*Activity*. Go through the listing below and retype exactly the lines starting at the one with "El Guapo Sweater Co. - Women's T-Shirt" and ending at the one with "鏡 約30.5cm×45.6cm 鏡面左下割れあり_画像7", skipping pictures.

*Input for this task*.

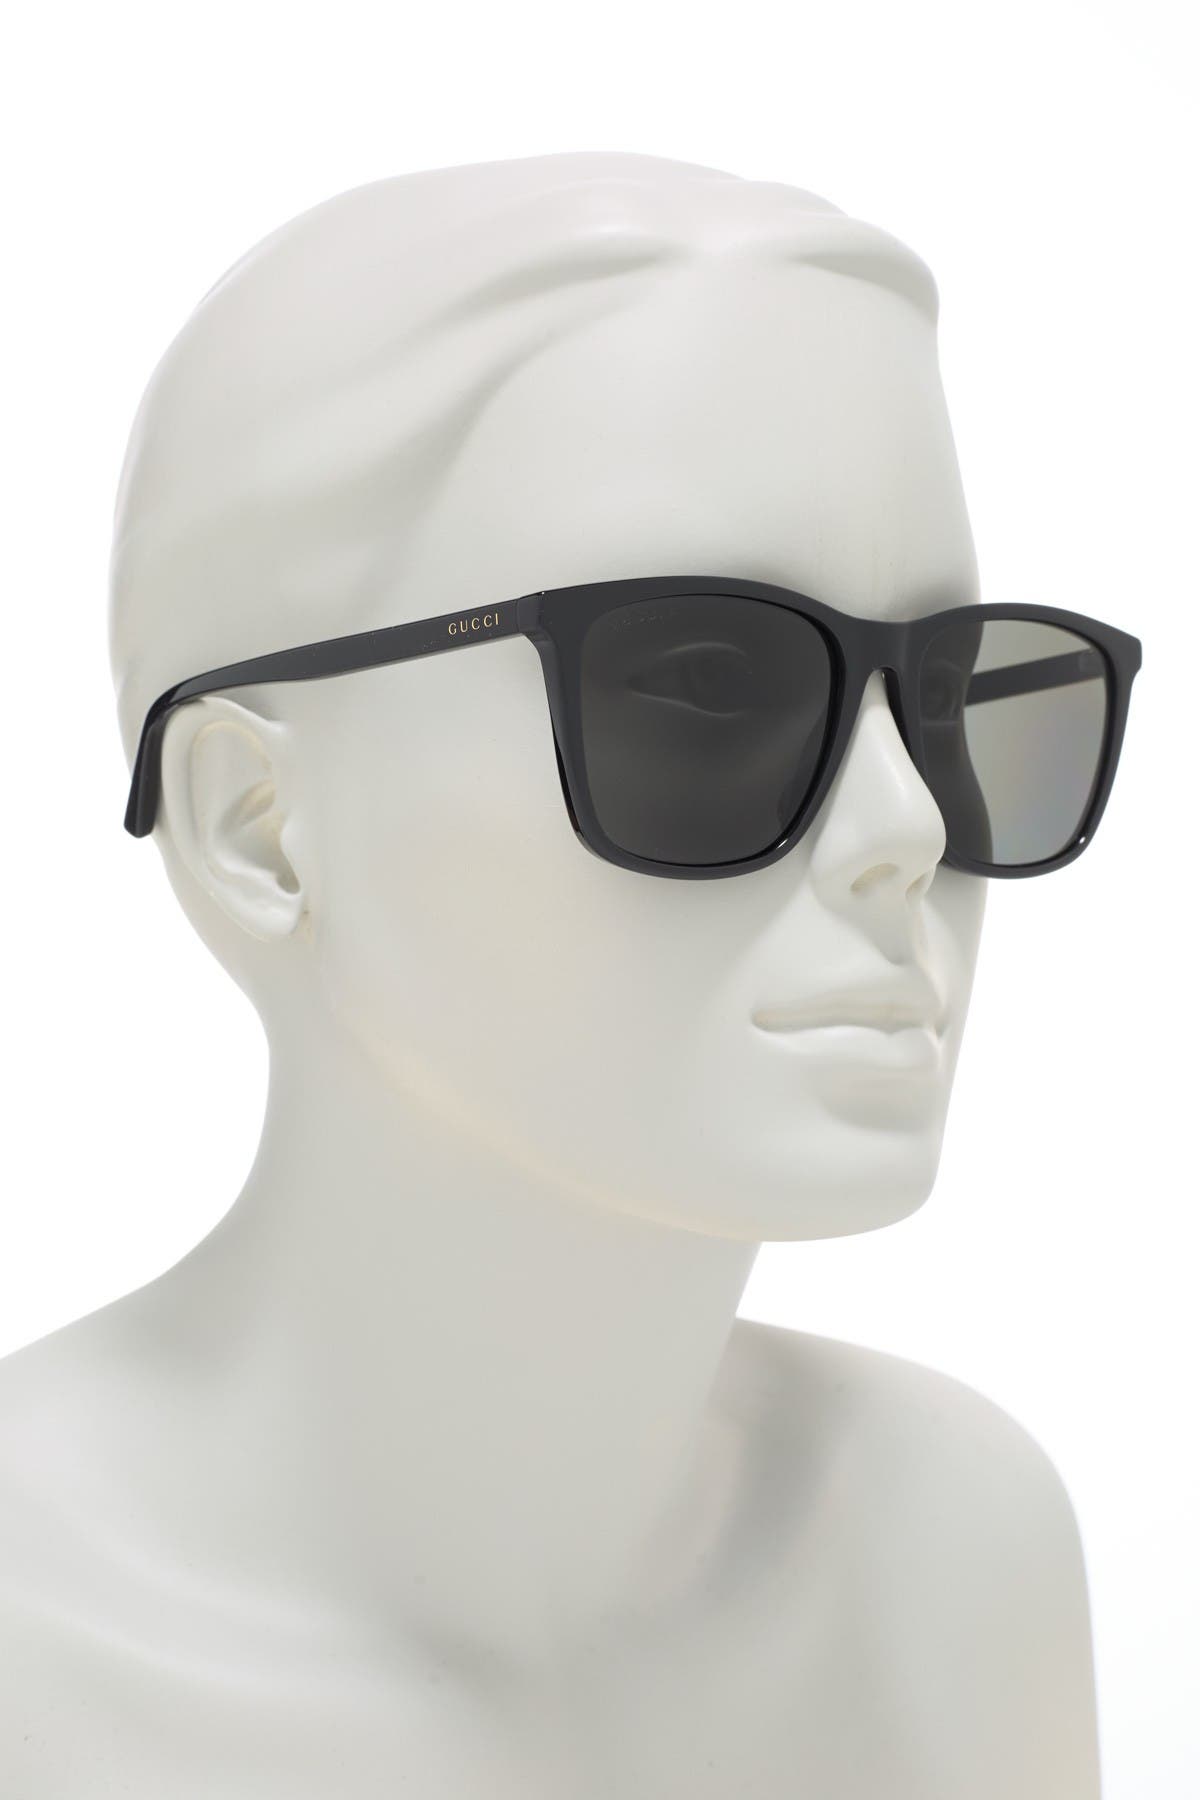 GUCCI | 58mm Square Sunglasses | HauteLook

...

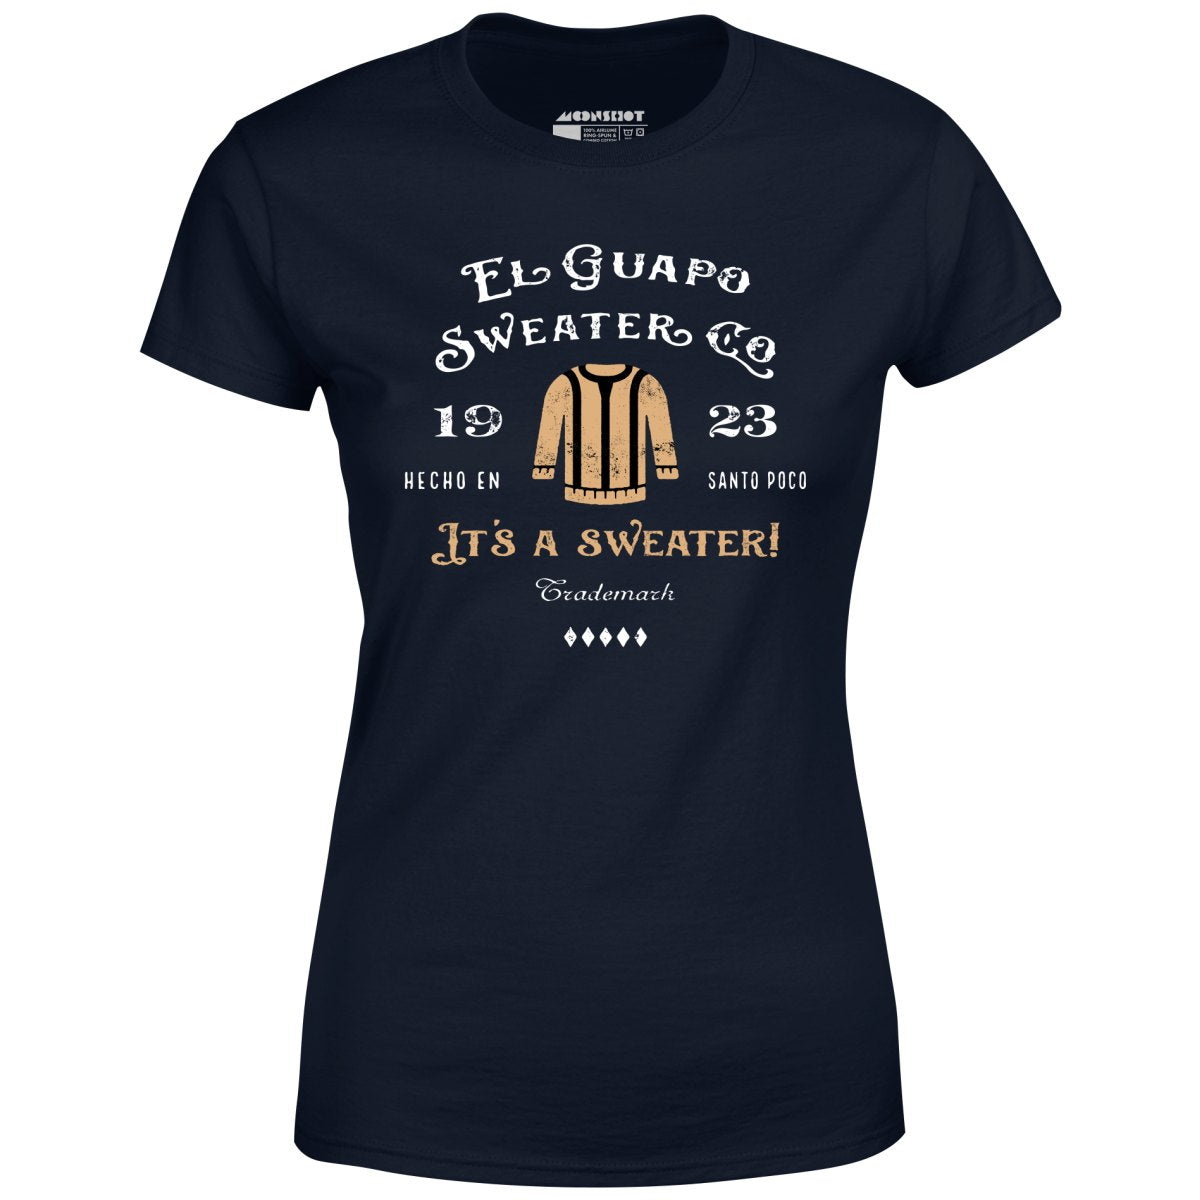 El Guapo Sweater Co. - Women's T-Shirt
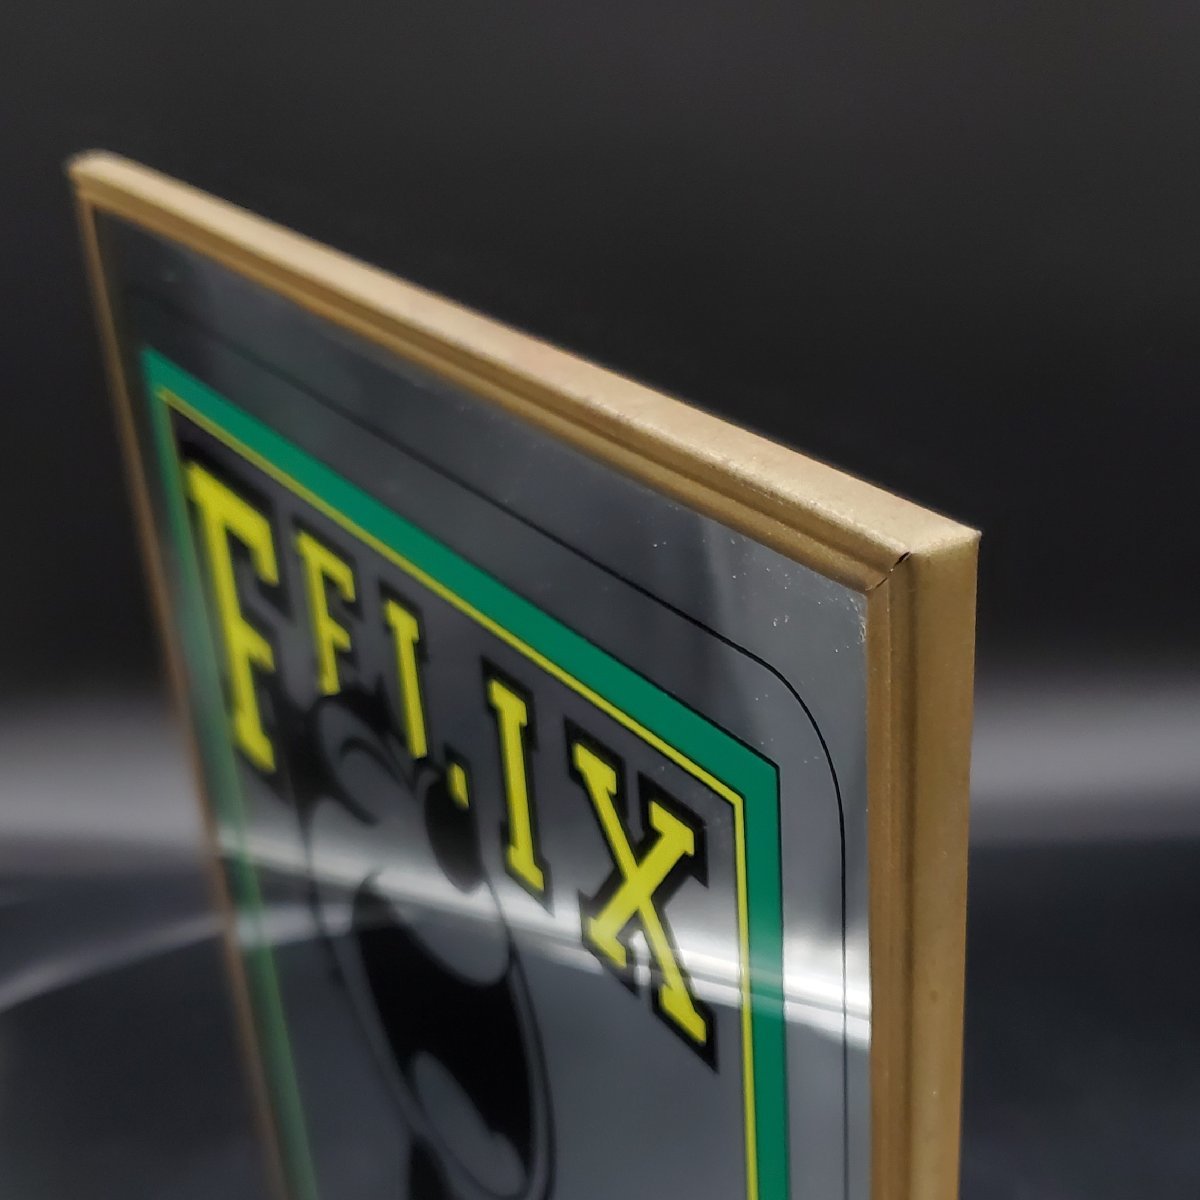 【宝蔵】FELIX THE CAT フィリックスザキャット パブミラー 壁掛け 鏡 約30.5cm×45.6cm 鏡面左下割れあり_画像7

---

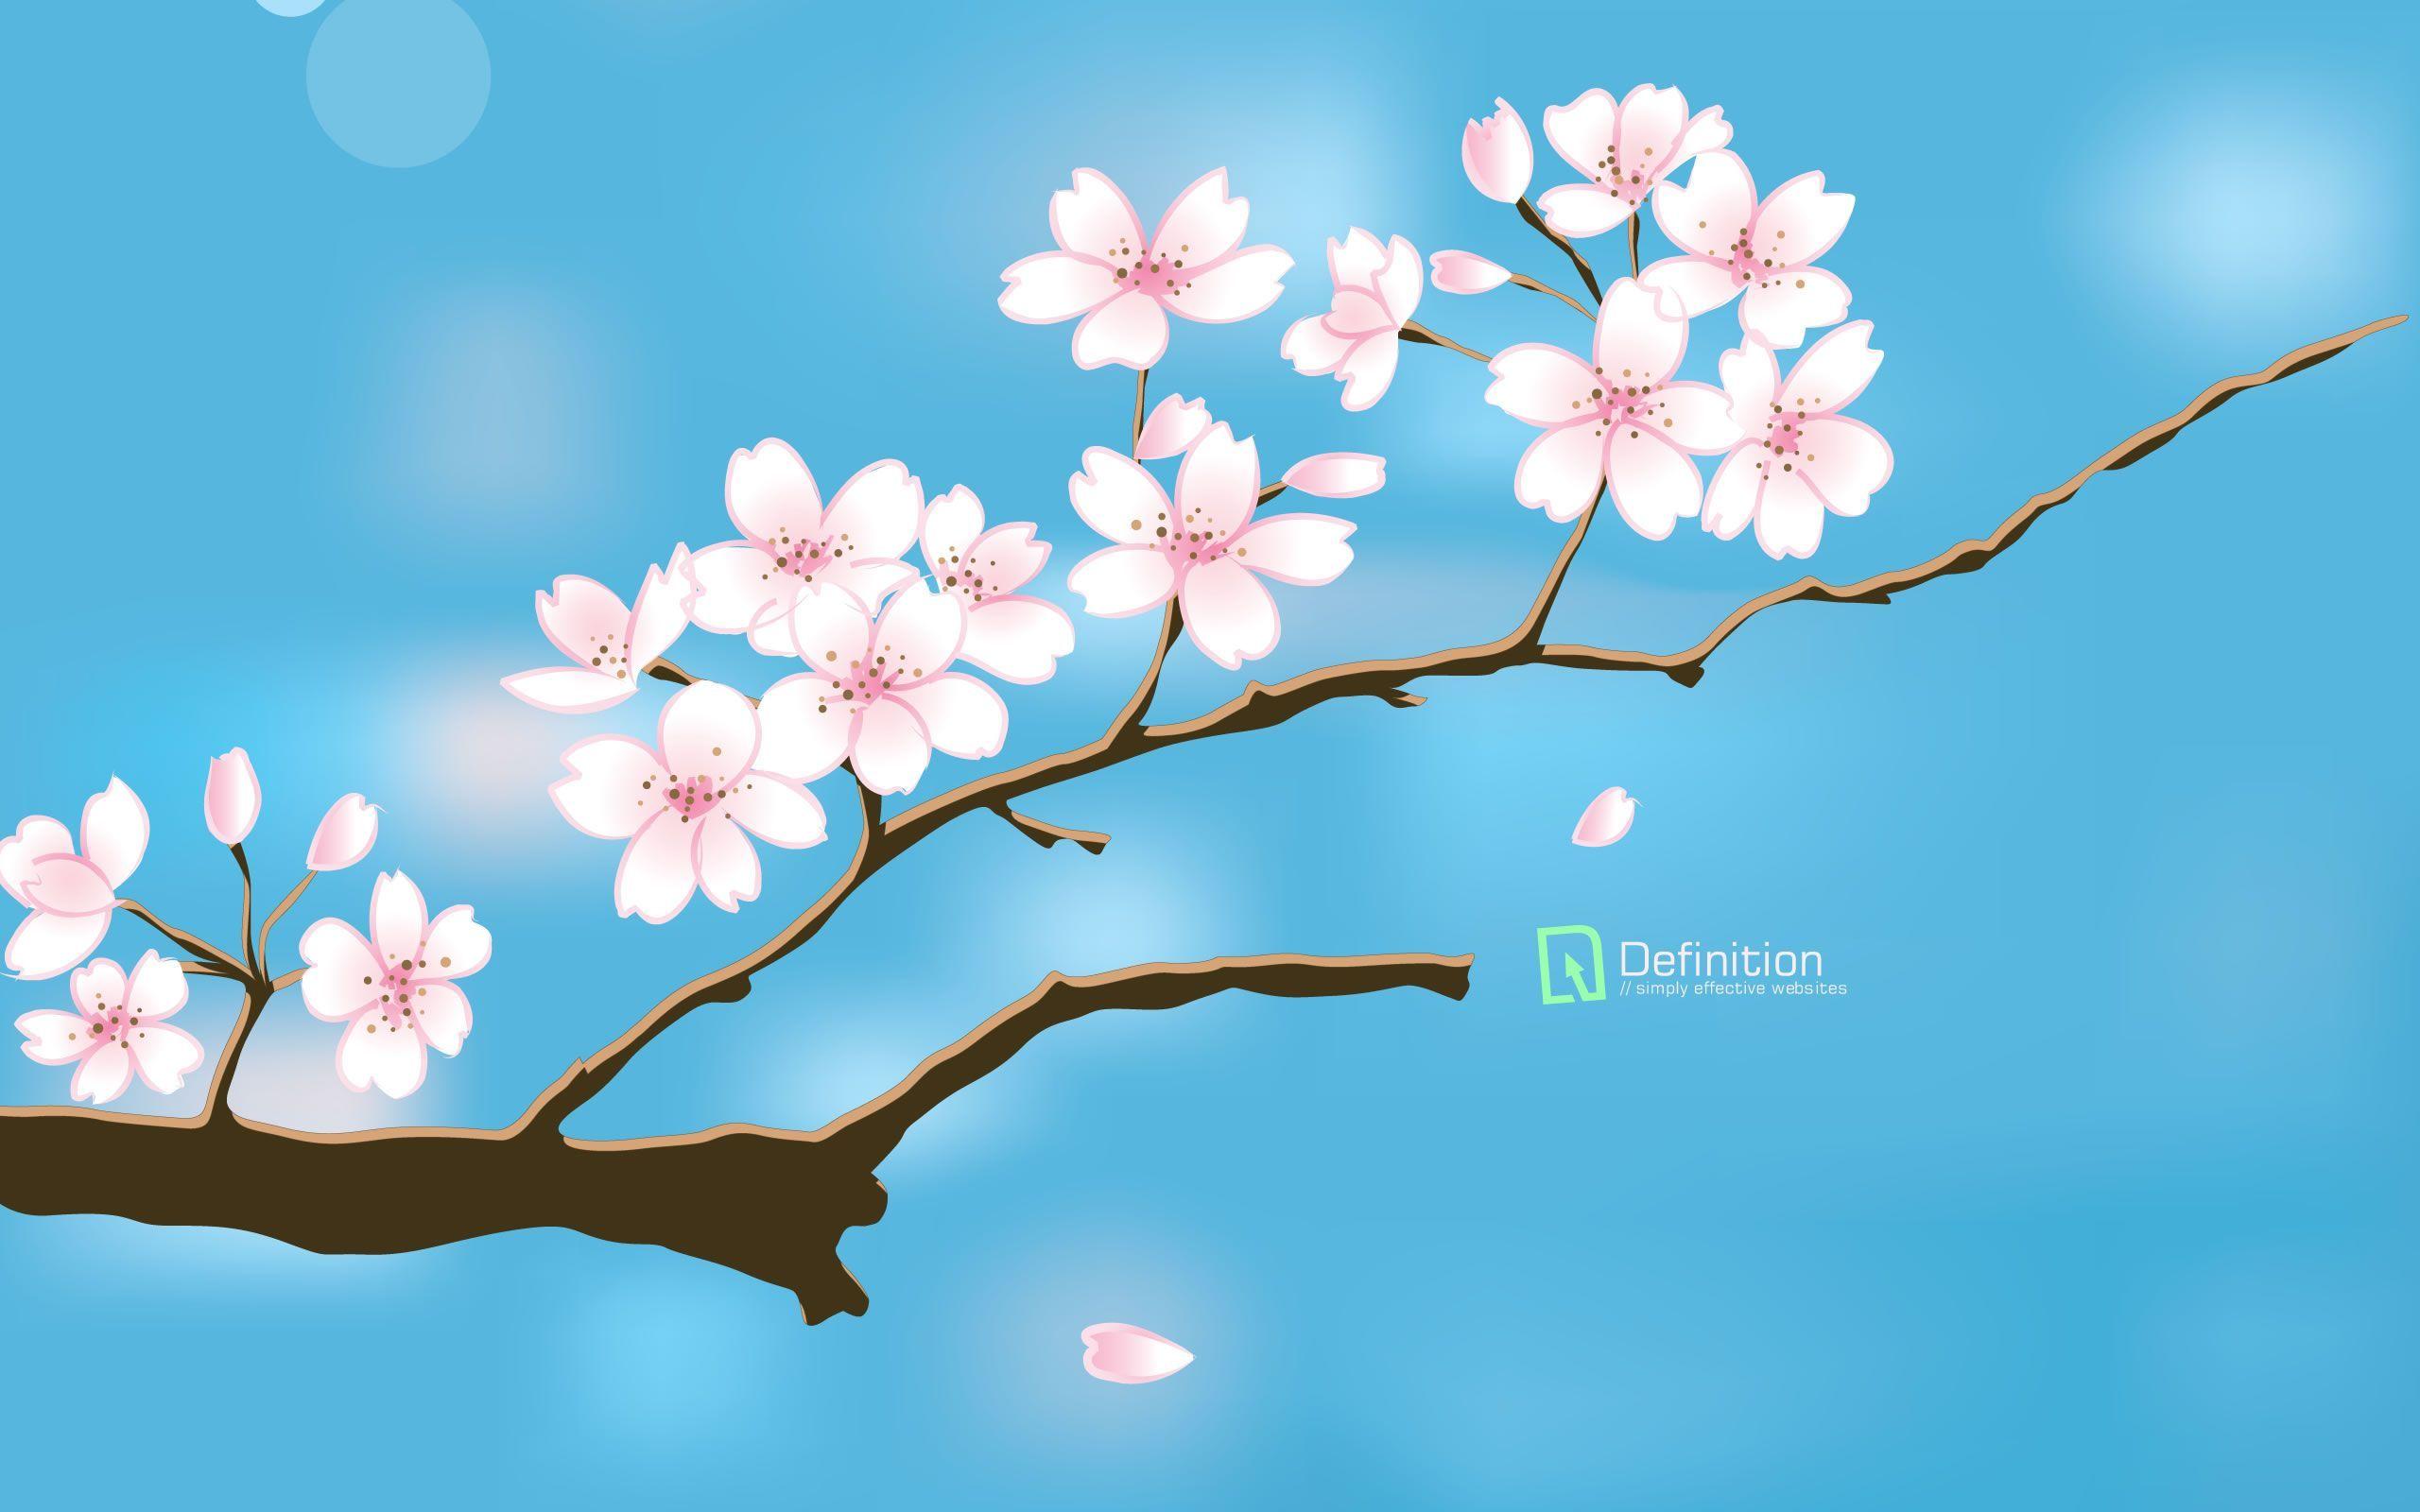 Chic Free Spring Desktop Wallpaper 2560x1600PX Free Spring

*Written answer*.
 El Guapo Sweater Co. - Women's T-Shirt
 【宝蔵】FELIX THE CAT フィリックスザキャット パブミラー 壁掛け 鏡 約30.5cm×45.6cm 鏡面左下割れあり_画像7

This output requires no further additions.